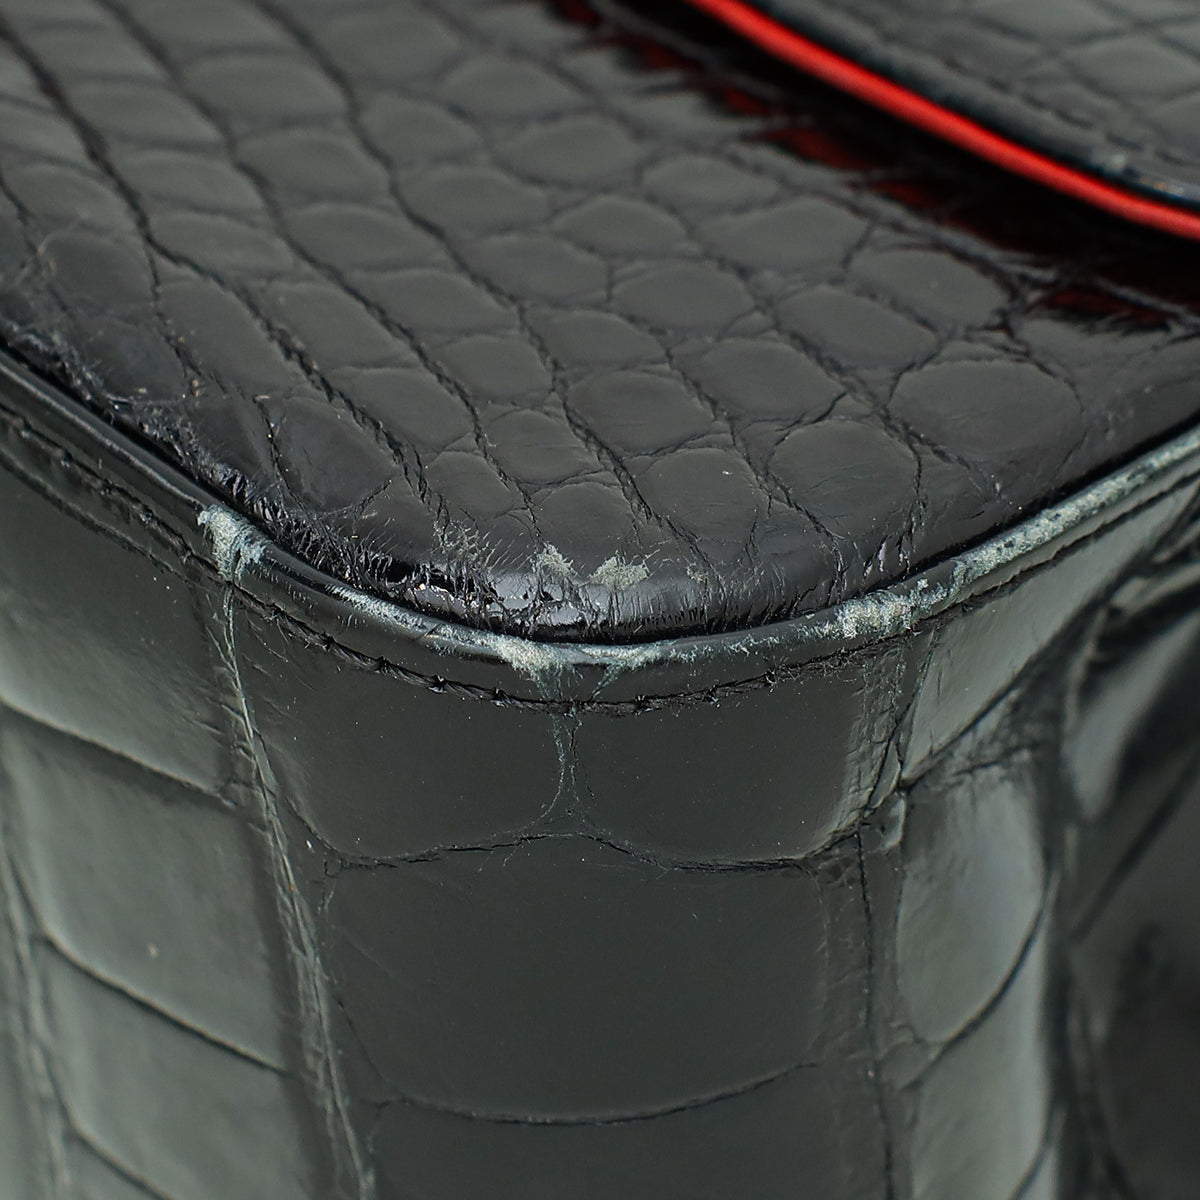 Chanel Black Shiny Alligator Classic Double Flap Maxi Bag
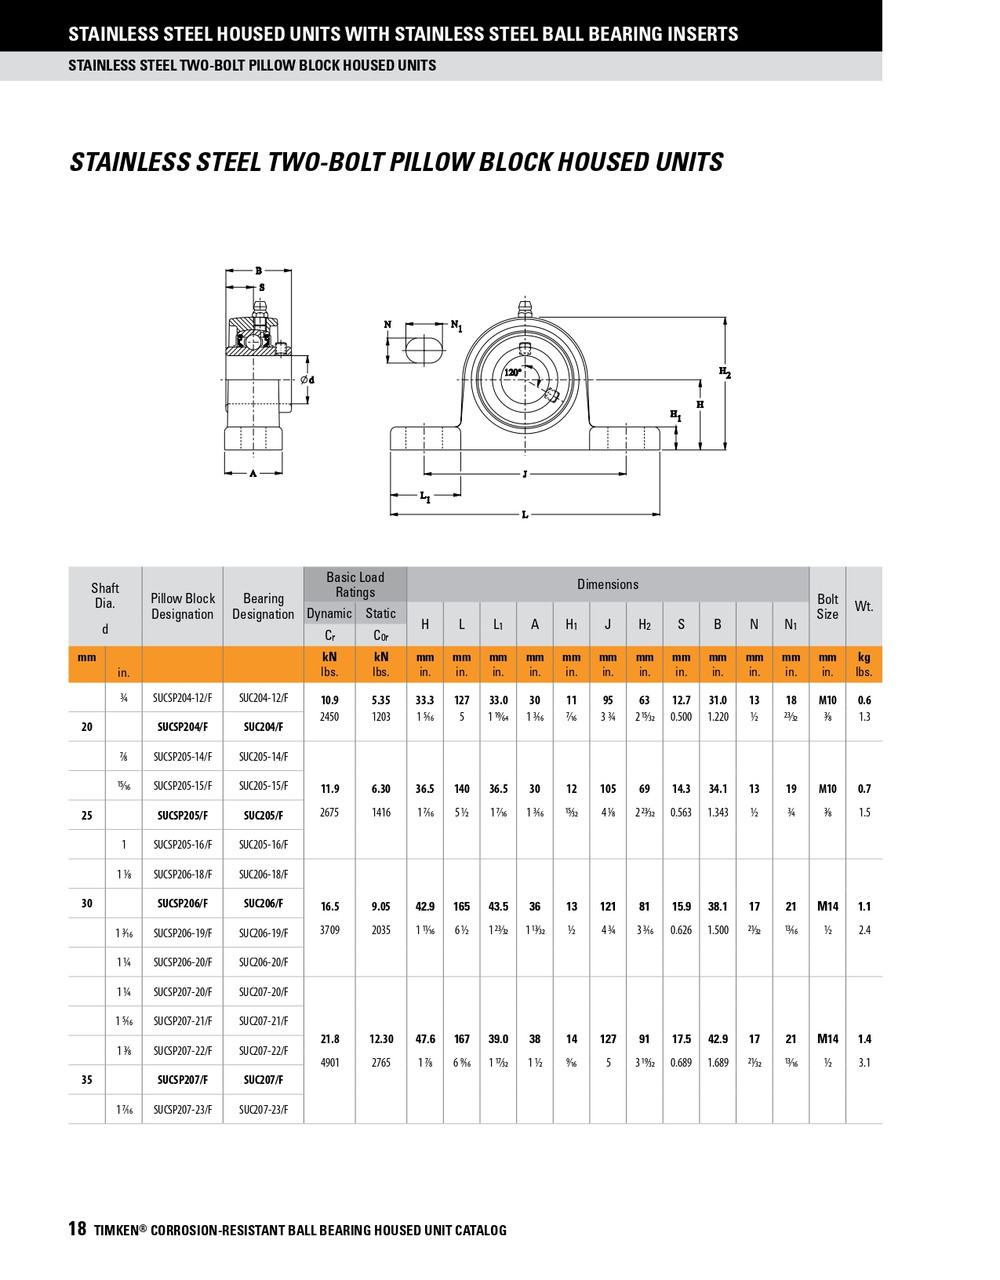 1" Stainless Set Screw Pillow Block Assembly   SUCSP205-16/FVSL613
• • • • •
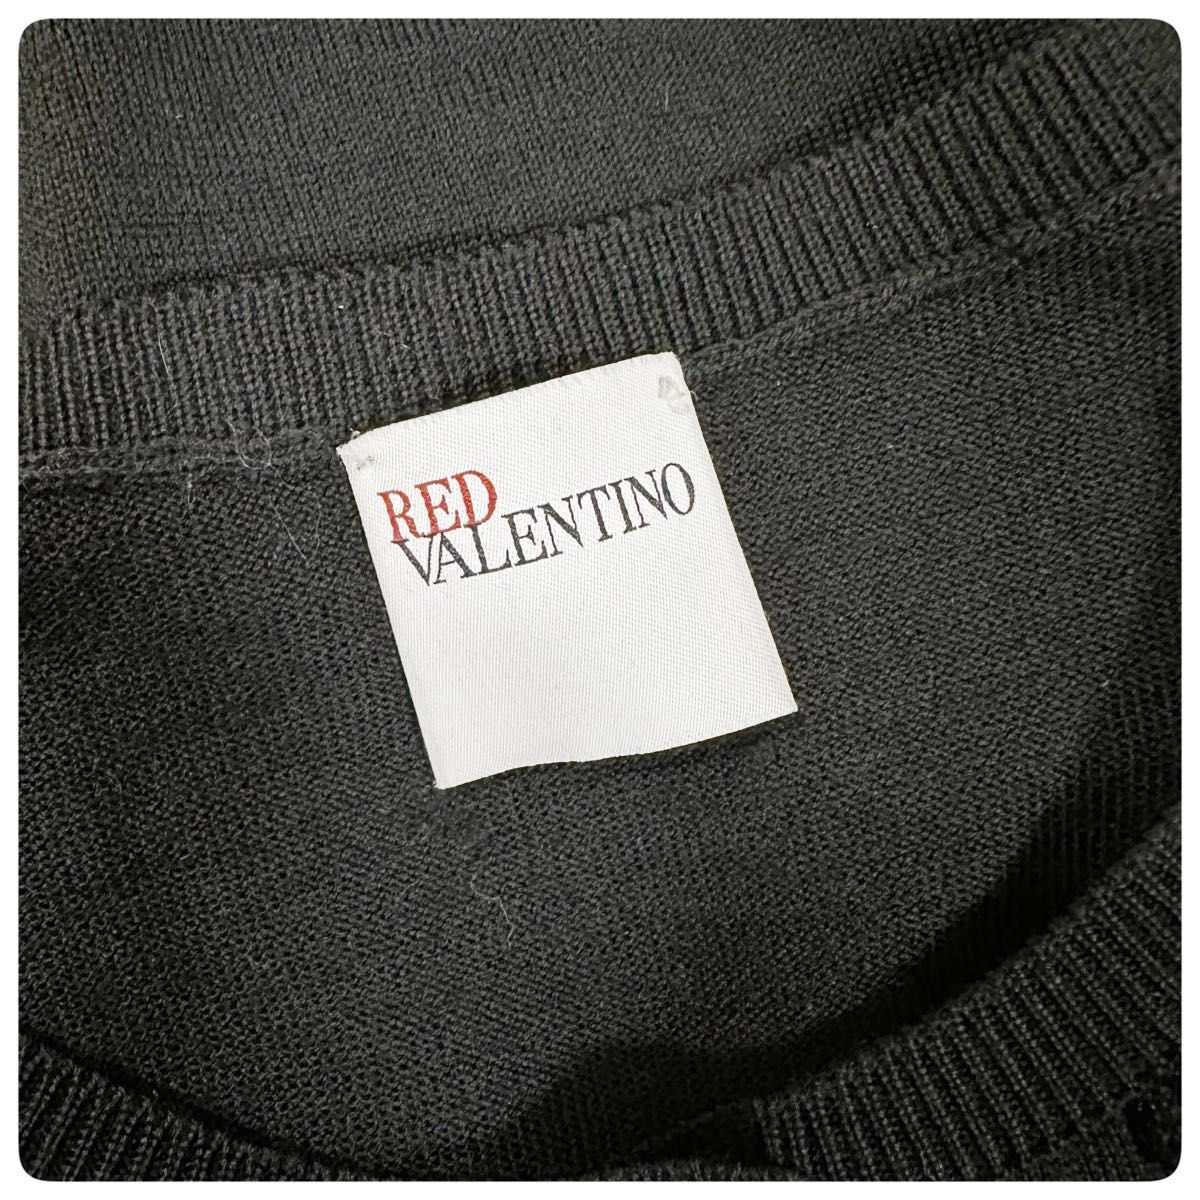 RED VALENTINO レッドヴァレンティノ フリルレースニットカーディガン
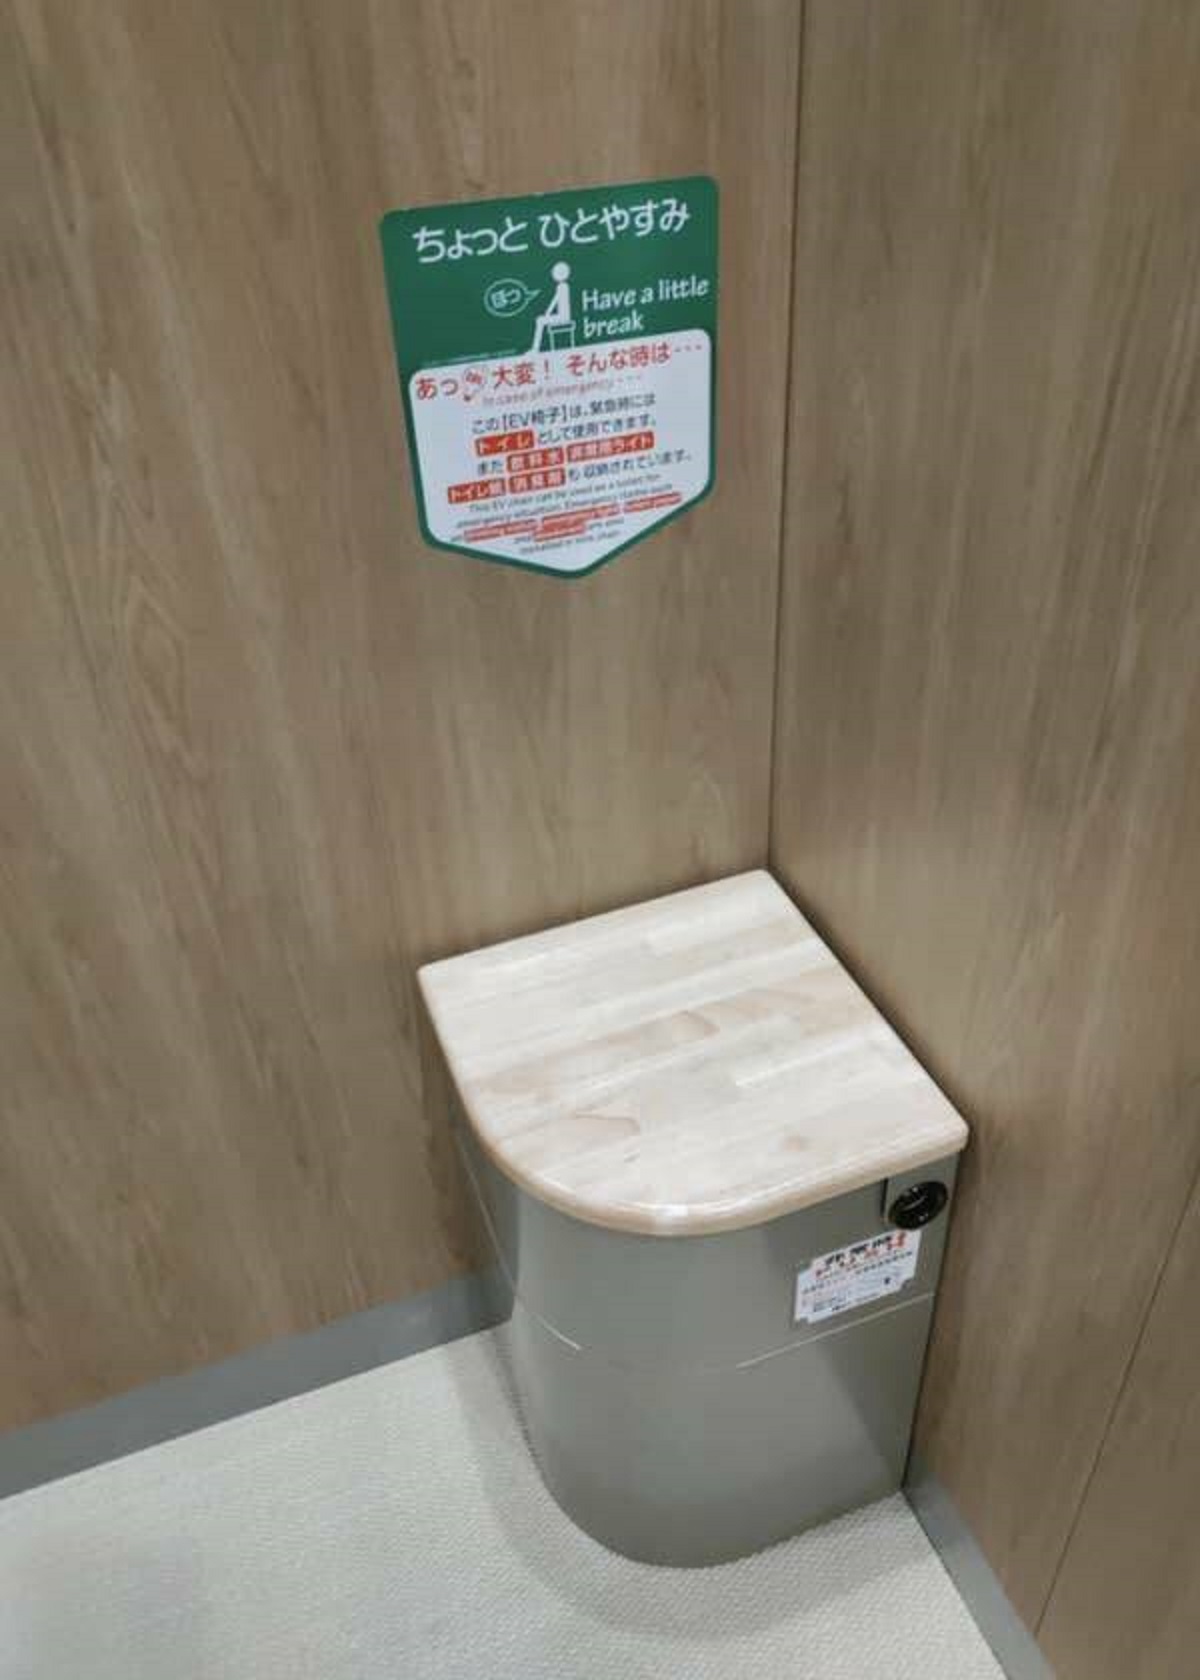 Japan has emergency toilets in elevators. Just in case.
• • • • •
• [Work to complete]:
Using the data above, retype exactly the lines from the line with "Chanel Black Shiny" to the line with "Stainless Set Screw", inclusive. No pictures and nothing else.

• [Your solution]:
 Chanel Black Shiny Alligator Classic Double Flap Maxi Bag
 1" Stainless Set Screw Pillow Block Assembly   SUCSP205-16/FVSL613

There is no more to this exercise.